Jab. Hardly have the words hit you before you fling a response back, throwing off pain like a projectile. As the volleys continue, the shards of anger grow, sharpening, till finally they pierce and trigger the flood. What has been stewing inside comes tumbling out, mixed with words like always, never, why can’t you. The air around you cracks and splinters and falls crashing about you. When the heat becomes unbearable, one of you walks out.
As your thoughts and emotions begin to cool down, they seem to thicken. This is not the way I want to live, you tell yourself, the frustration beginning to rev up again. But you also feel powerless to change. And each time the same situation happens again, the dull, leaden weight inside you grows a little, pressing down. When it seems too hard to change yourself, the usual choice is to change your situation. So most people quit, break up, move out, and try to move on—causing broken marriages, broken families, broken hearts, and broken dreams.

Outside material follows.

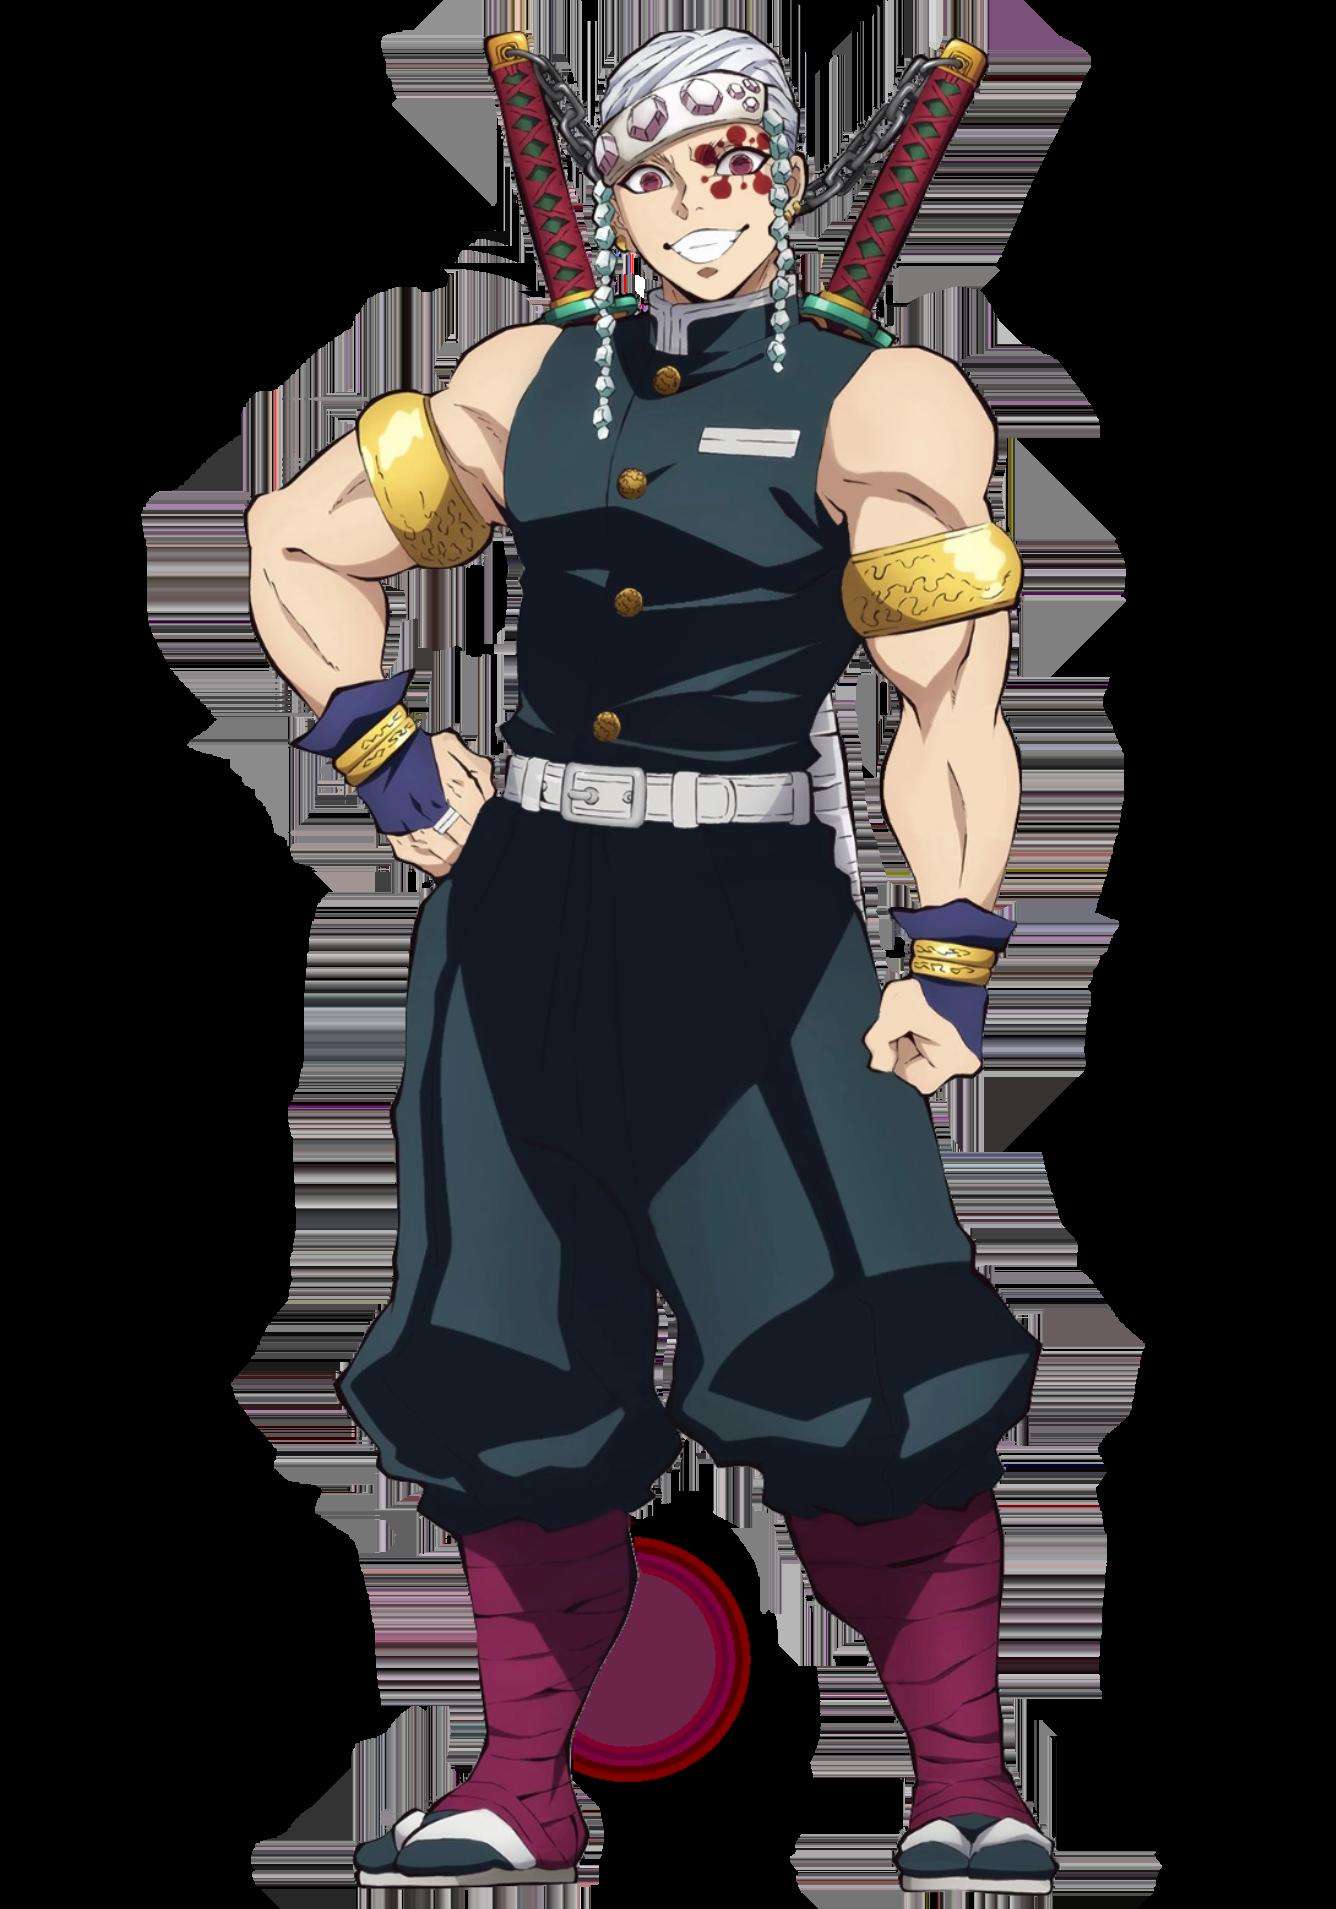 Tengen Uzui Kimetsu No Yaiba Wikia Fandom Anime Demon Slayer Anime Anime Characters

Each of us lives with certain shortcomings, but sometimes they become a cause for a great deal of unhappiness, an object of strife—sometimes it is the temper you have, the anger inside you that flares up suddenly at any provocation; sometimes a bad habit that sparks criticism from others and compounds the frustration in you. You face the reality that you don’t have the will, the resources in you, to overcome. The truth is, the power to change yourself does not lie in you. It is found in the God whose strength and will is higher and greater than yours.
“He would grant you, according to the riches of His glory, to be strengthened with might through His Spirit in the inner man,” wrote a man named Paul, whose own weakness he likened to a thorn in his side. Yet Paul understood that the source of transformation, of making right his life, was not in himself, but in the God in whom he placed his trust. In his suffering, Paul cried out and received this response from above: “My grace is sufficient for you, for My strength is made perfect in weakness” (2 Cor 12:9). When we feel powerless, we can turn to and rely on the power of God.
Indeed, the Bible tells us that “when we were still without strength, in due time Christ died for the ungodly” (Rom 5:6). When we had nothing going for us, when we were unworthy of God’s favor—and at just the right moment—the Lord Jesus Christ gave His life for ours. Through His death, God established the way for you to receive new life in Him, and to receive His Spirit in you.
What does that mean? It means that when you submit to God’s way, He will empower you to surmount the challenges you face through His Spirit dwelling in you. You can become a better person through the new life, His life, which He will give you. God’s love is such that He asks for nothing in return: only that you believe. And so Paul prayed: “that Christ may dwell in your hearts through faith; that you [may]… know the love of Christ which passes knowledge; that you may be filled with all the fullness of God.” From his own experience he could testify: God “is able to do exceedingly abundantly above all that we ask or think, according to the power that works in us” (Eph 3:16-20).